> Exercise directions
Span requested from the data below: the line with "ARCTURUS PP19-01 Vityaz" through the line with "Giardia Lamblia Protozoa", both included. Give only these lines again, exactly, and leave every picture out.

> Task input

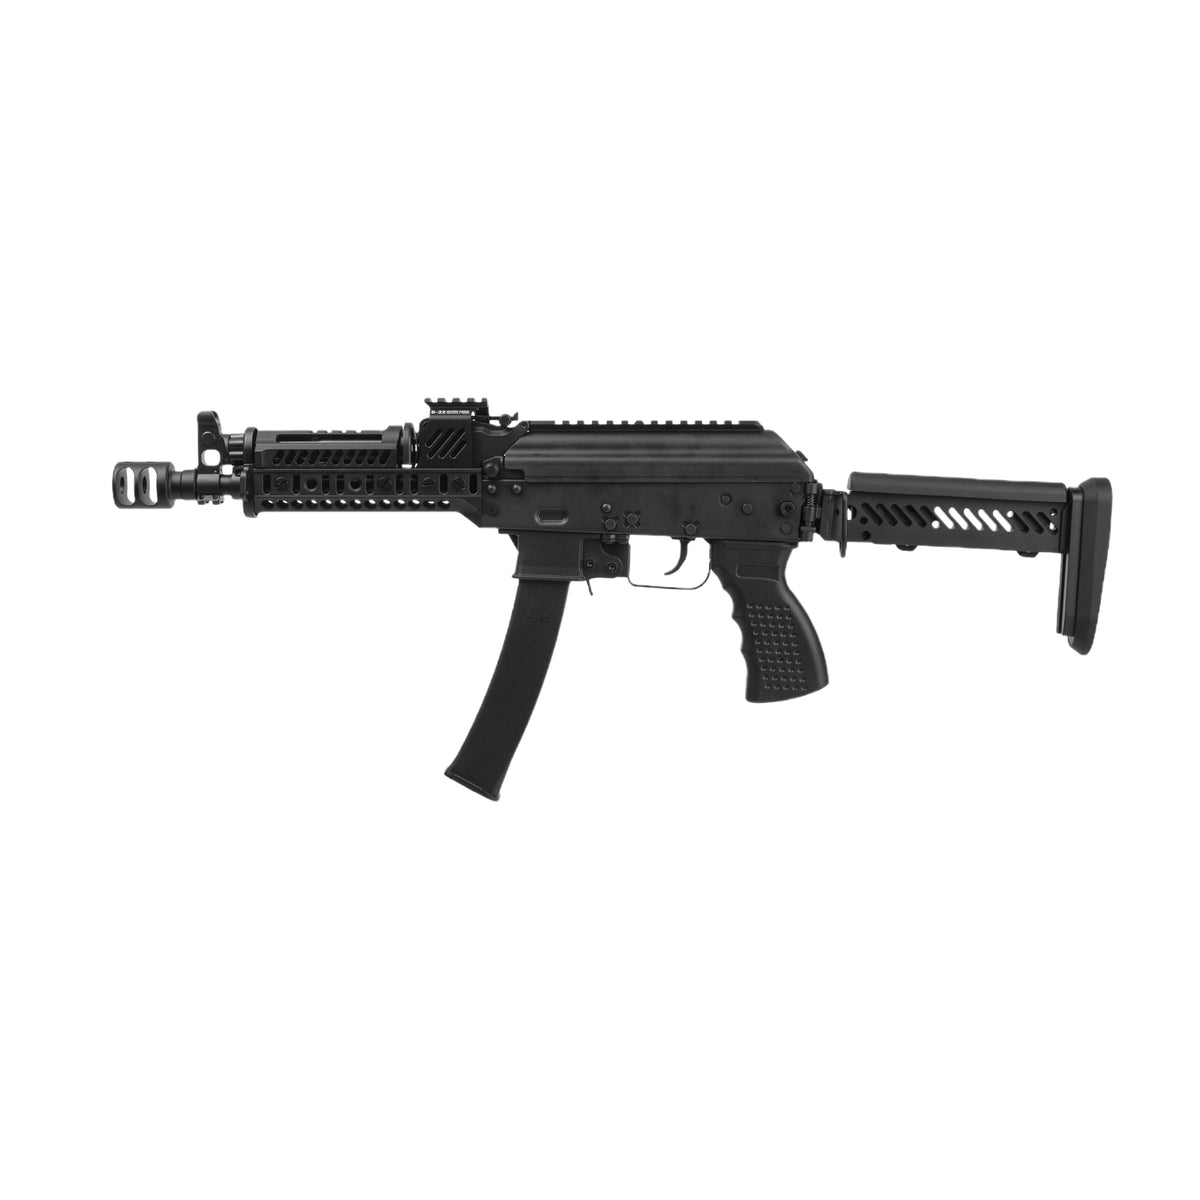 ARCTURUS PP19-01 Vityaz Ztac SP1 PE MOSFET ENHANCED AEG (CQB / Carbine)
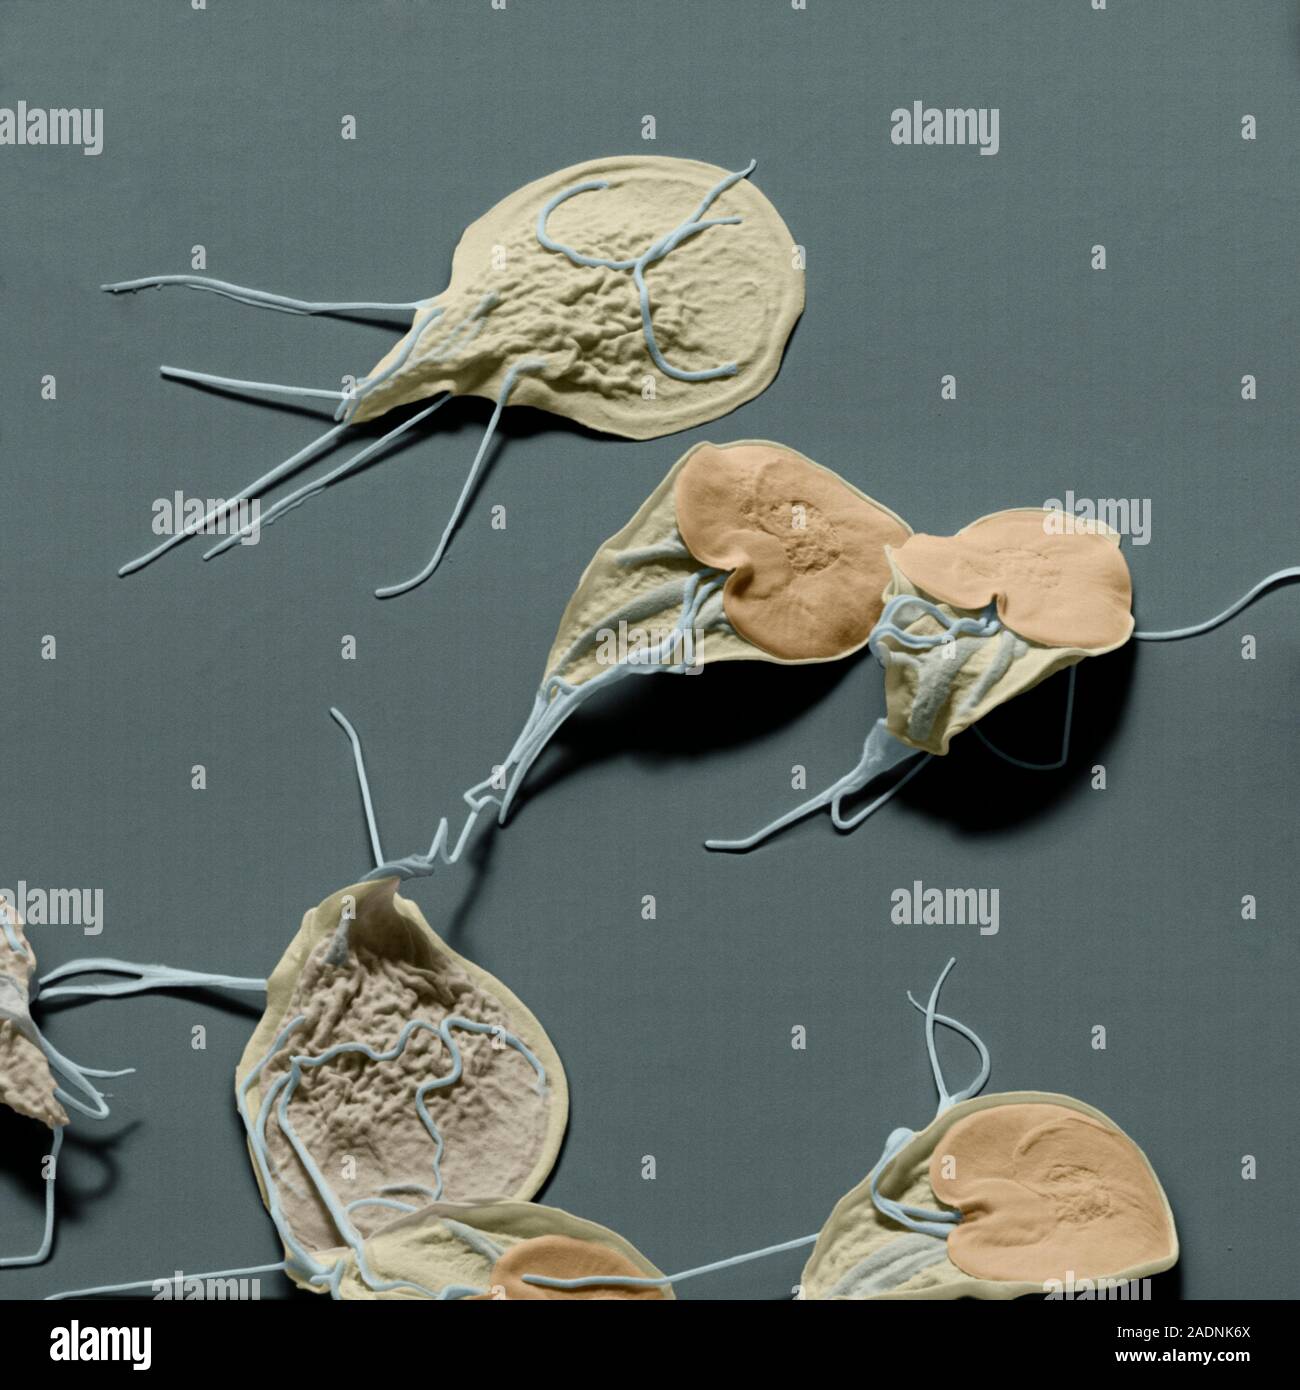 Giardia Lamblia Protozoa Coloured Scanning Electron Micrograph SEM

--

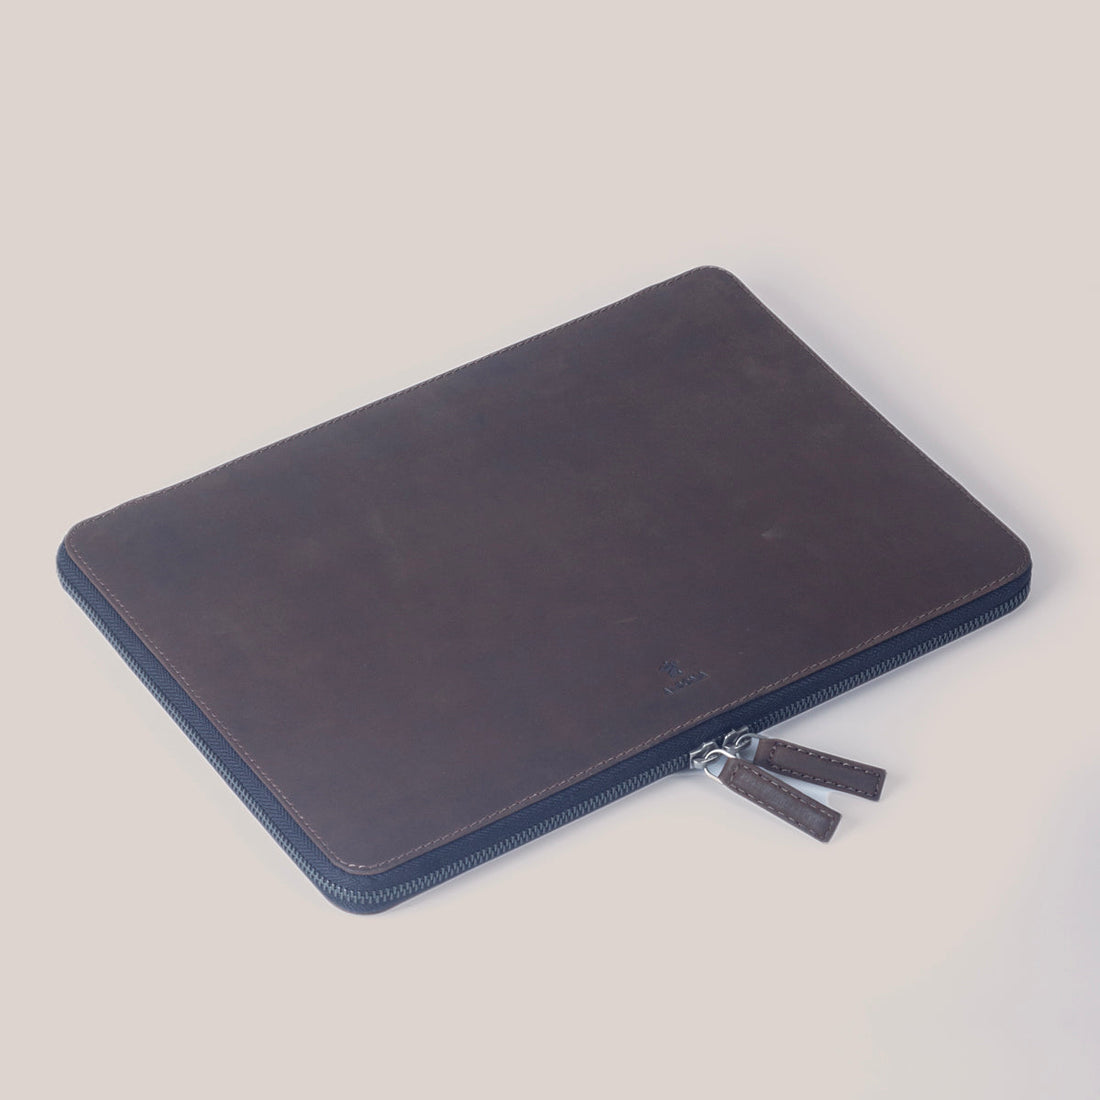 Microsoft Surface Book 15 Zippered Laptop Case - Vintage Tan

> Final answer
 ARCTURUS PP19-01 Vityaz Ztac SP1 PE MOSFET ENHANCED AEG (CQB / Carbine)
 Giardia Lamblia Protozoa Coloured Scanning Electron Micrograph SEM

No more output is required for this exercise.